7. Aus welchen Gründen der Studienerfolg des Vaters ab dem Sommersemester 2012 deutlich nachließ sowie ob und wenn ja, ab wann, er die durchschnittliche Studiendauer überschritt, ob er sich also – wie von der Minderjährigen begehrt – bereits beginnend mit Dezember 2013 auf ein erzielbares Erwerbseinkommen anspannen lassen muss, oder ob berücksichtigungswürdige Umstände (etwa die vom Vater ins Treffen geführten, bisher noch nicht näher spezifizierten „psychischen Probleme“) vorlagen, aufgrund derer ihm eine allfällige Überschreitung der durchschnittlichen Studiendauer nicht vorwerfbar war, kann derzeit noch nicht beurteilt werden. Spätestens ab dem Zeitpunkt zu dem er in diesem Studium endgültig scheiterte, also im Herbst 2014, hätte ein pflichtbewusster Vater sich aber jedenfalls unverzüglich um die Aufnahme einer Erwerbstätigkeit bemüht, statt nach einer knapp einjährigen Pause ein neues Universitätsstudium zu beginnen. Entgegen der Ansicht der Vorinstanzen ist ein Unterhaltspflichtiger insofern nämlich strenger zu behandeln als ein Unterhaltsberechtigter, der seinen Unterhaltsanspruch auch bei einem (einmaligen) Studienwechsel grundsätzlich nicht verliert (RIS-Justiz RS0107722 [T3]; vgl aber RS0047679 zur Anrechnung zur Dauer des ersten Studiums auf die Zeit des Unterhaltsanspruchs). Ob der Vater dieses zweite Studium nun (bisher) zielstrebig und erfolgreich betreibt, ist deshalb ohne Relevanz.

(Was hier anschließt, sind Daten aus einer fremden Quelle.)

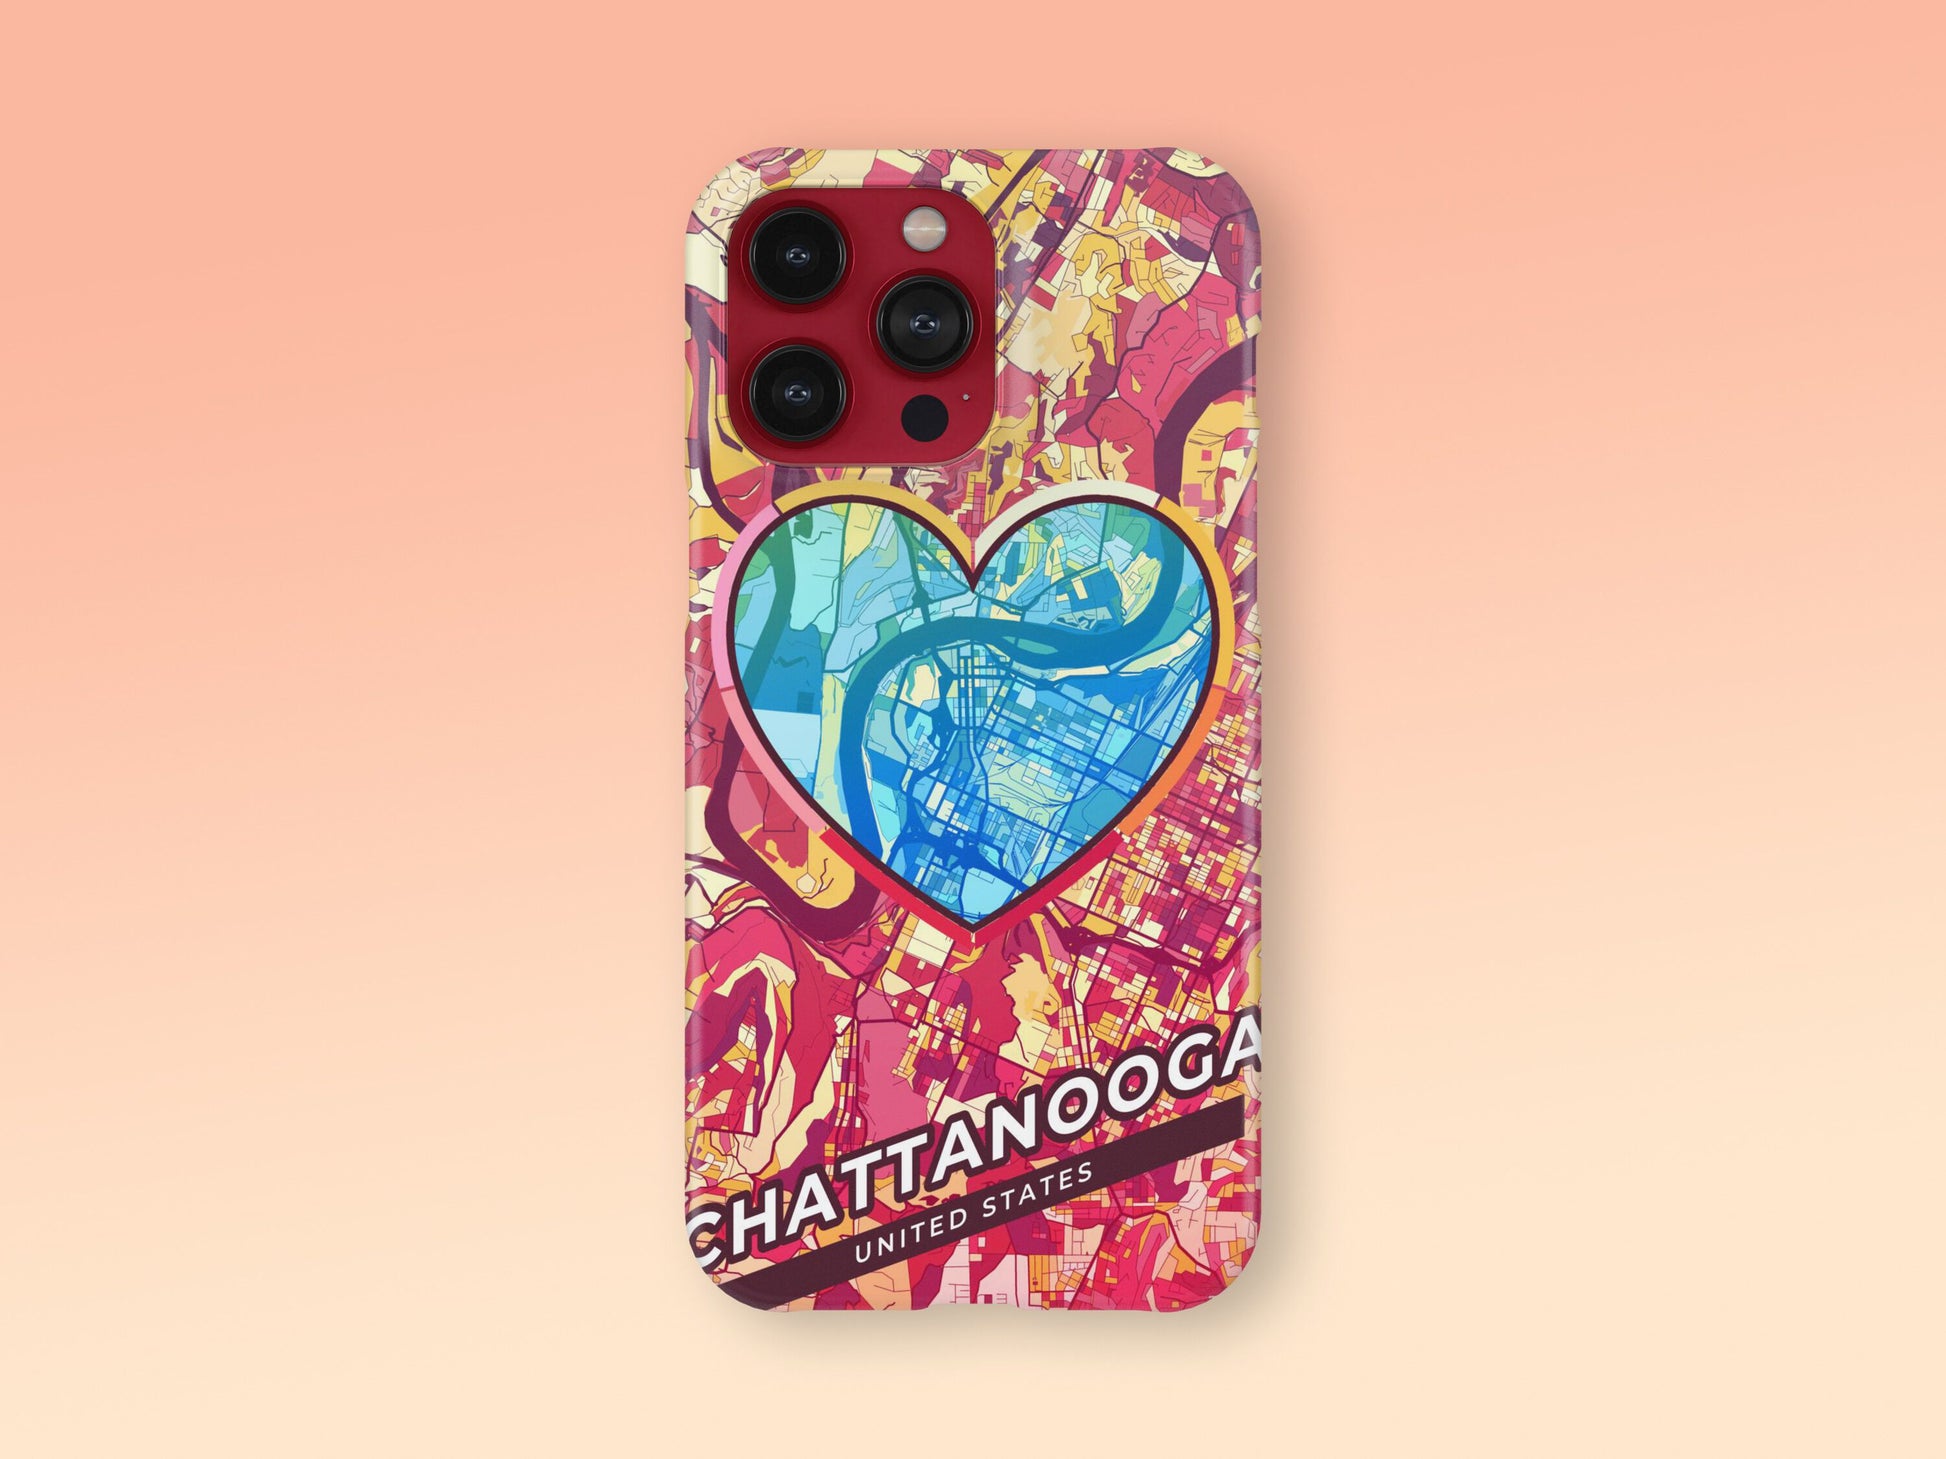 Chattanooga Tennessee slim phone case with colorful icon. Birthday, wedding or housewarming gift. Couple match cases. 2

8. Das Erstgericht wird also im fortgesetzten Verfahren zu klären haben, wie lang die durchschnittliche Studiendauer des Statistik-Studiums an der vom Vater zunächst besuchten Universität ist, aus welchen Gründen er im Wintersemester 2012/2013 keinen einzigen ECTS-Punkt erreichte, ob das Nachlassen seines Studienerfolgs (im ersten Studium) auf seine psychischen Probleme zurückzuführen war, und welches Erwerbseinkommen er – unter Berücksichtigung seiner allfälligen psychischen Erkrankung – ab Herbst 2014 (oder auch schon ab einem früheren Zeitpunkt, sofern er das erste Studium vorwerfbar nicht mehr ernsthaft und zielstrebig betrieb) tatsächlich erzielen hätte können.